Rise of an alternate power centre
Prior to this, the last full-time governor of Madhya Pradesh was Ram Naresh Yadav, an embarrassment for Congress after he was linked to the multi-crore Madhya Pradesh Professional Examination Board (MPPEB) scam (Vyapam scam). His age-related illnesses further exaggerated his incompetence. Anandiben, on the other hand, can be seen as a determined go-getter from her response as soon as the news broke: on the 22nd of January she took a bus from Ahmedabad to Bhopal, stopping at a temple in Ujjain along the way.
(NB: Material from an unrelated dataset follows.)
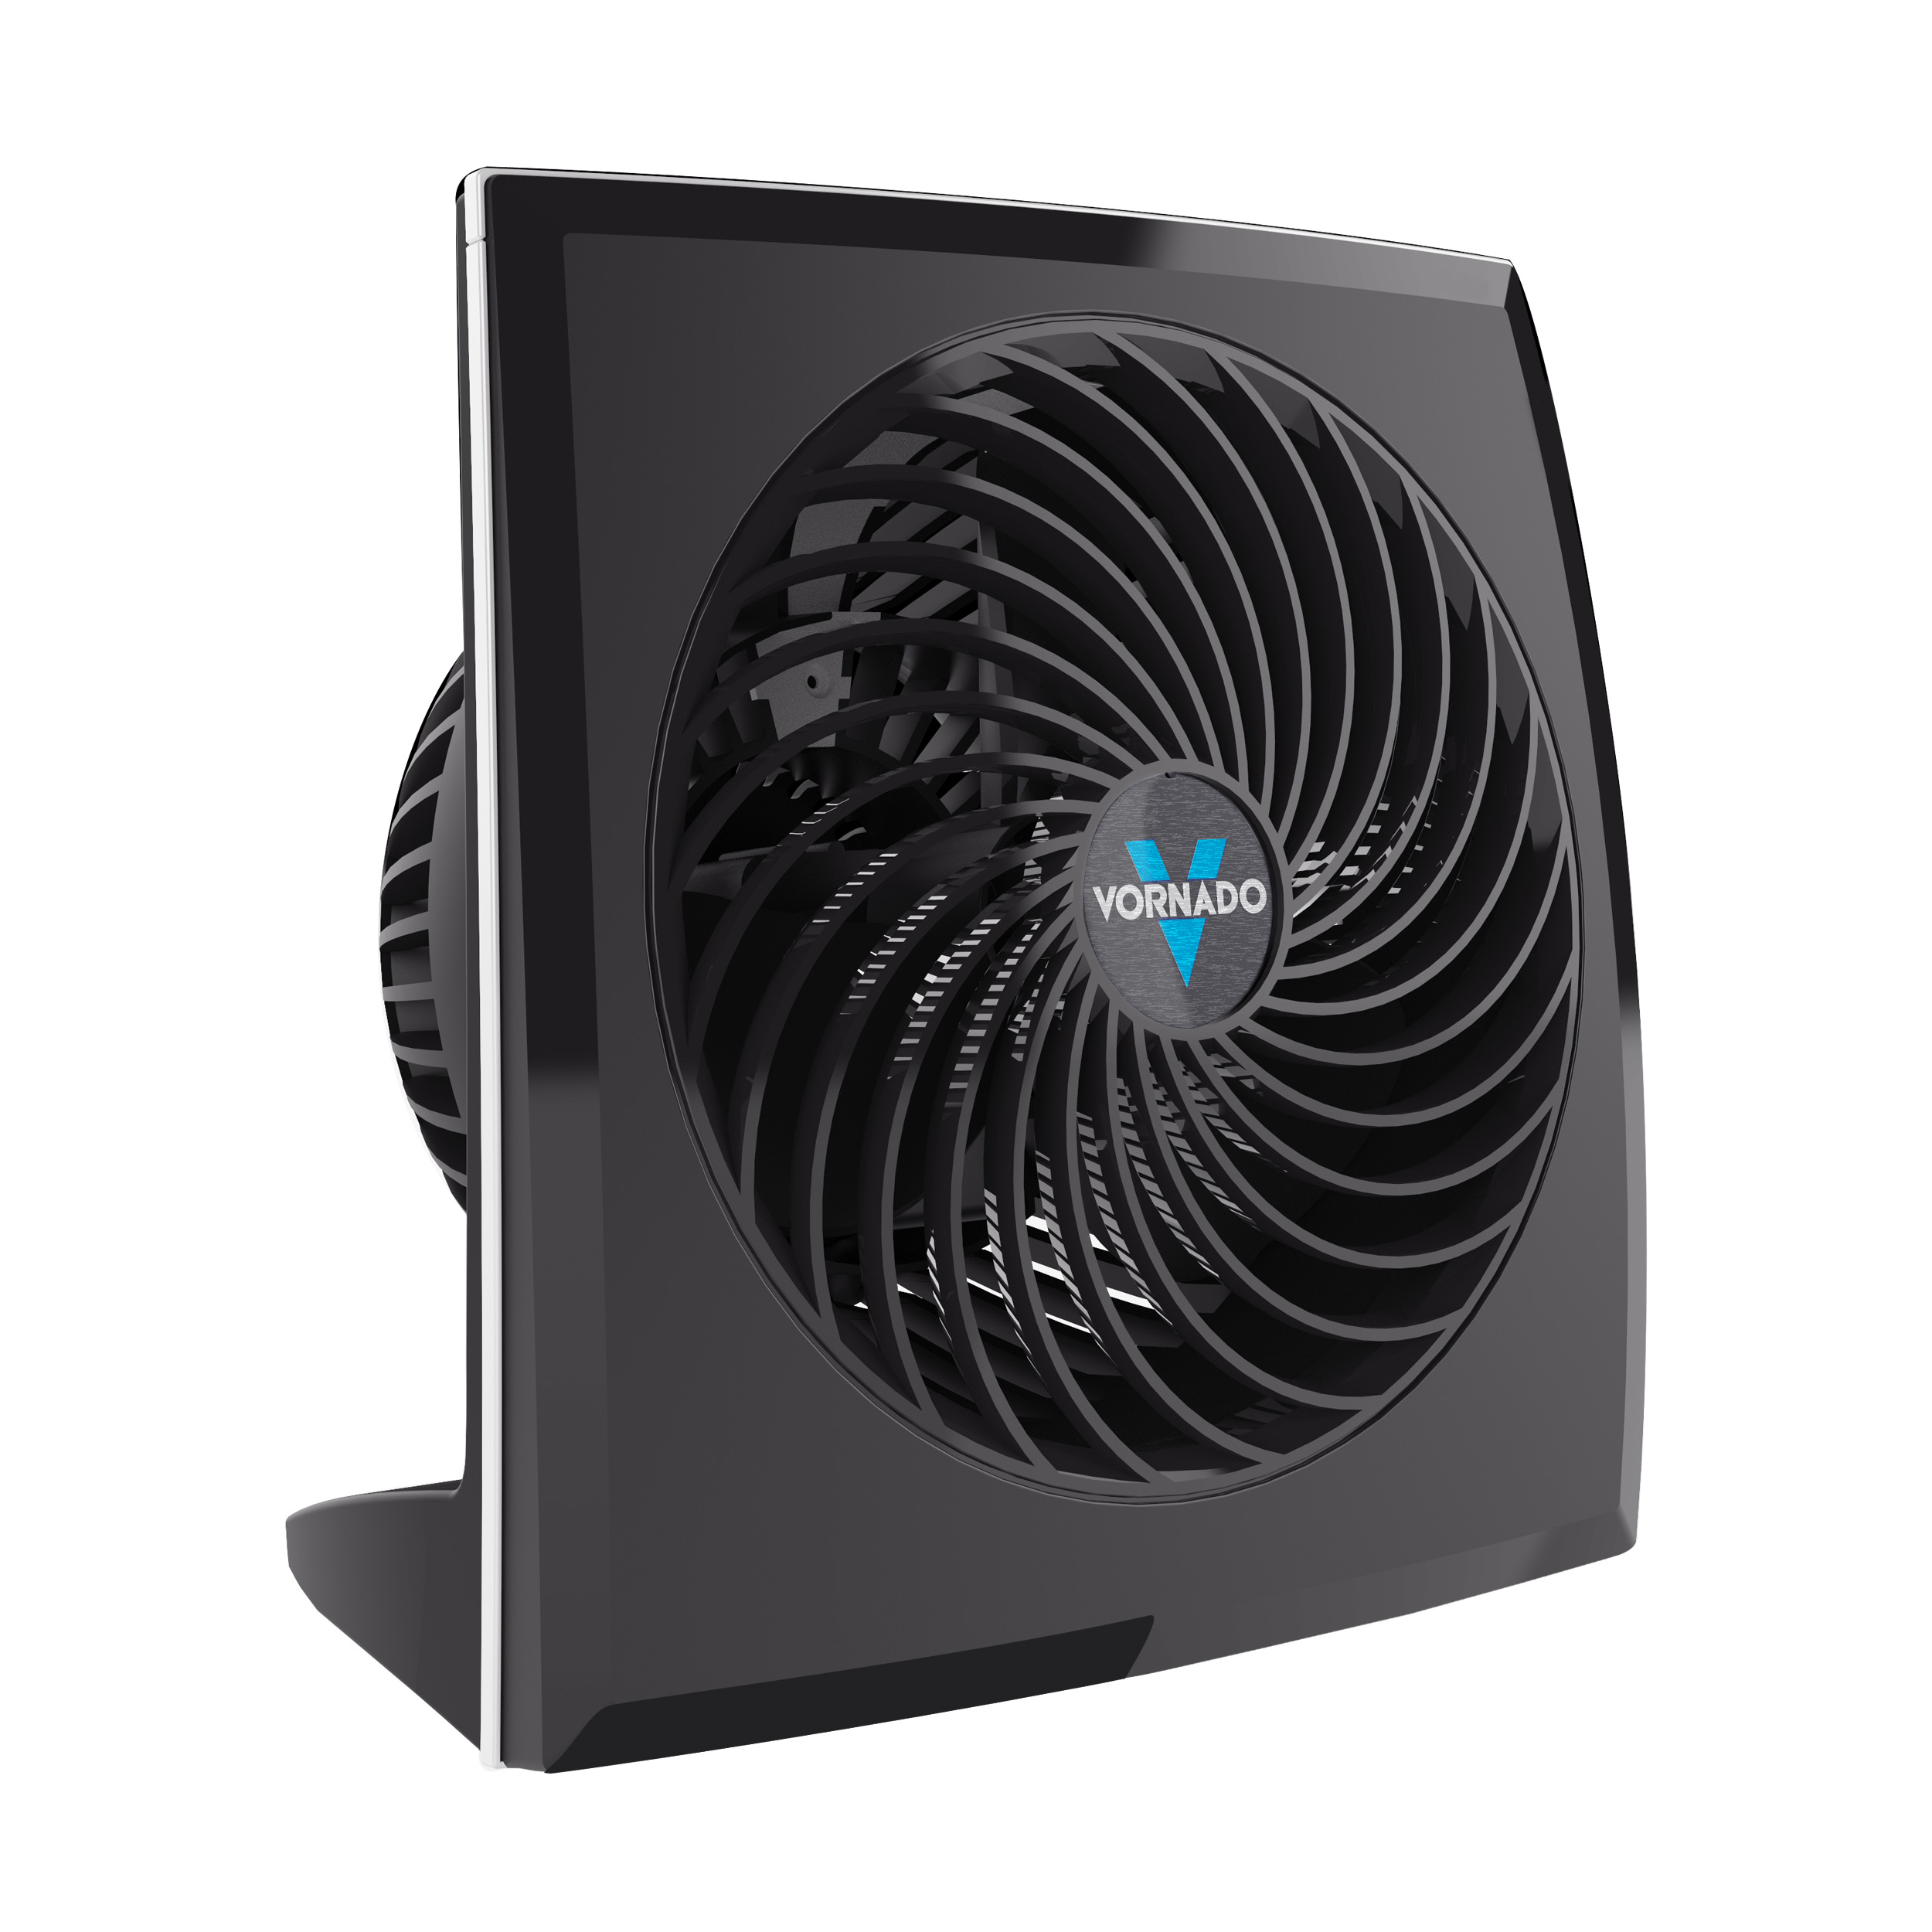 Vornado 573 Small Flat Compact Panel Whole Room Circulator Fan, 10" Height (New) - image 3 of 6

She could have just as easily taken her state-sanctioned aircraft, but her choosing the bus and therefore giving media ample time to report elucidates the impression that she is not going to be a mere ‘rubber stamp’ governor.
On the 28th of January, she hauled up a contractor and some Madhya Pradesh officials over the delay in the construction of an auditorium inside the Raj Bhavan in Bhopal. “I have been public works department minister for seven years,” said Patel, who had taken the oath merely five days prior. “Is this the way to do things?” In response, Chouhan asked to speed things up signifying that her opinions and comments about the public works department, and in general, had the necessary political clout. A little after taking the oath, she’d also asked for the computerisation of files instead of keeping records in manual registers and had directed the vice-chancellors to prepare academic calendars. This too has been put into motion with surprising alacrity.
Anandiben Patel has been known as a good administrator, something her stint as Chief Minister often leads people to overlook. Along with the Prime Minister’s support, she possesses determination and assertiveness required to push matters along. With the progress she has already made, it is hopeful that she makes the government act upon issues it usually shies away from and that the rise of this power centre in Bhopal—away from Chouhan—cements subjects effectively.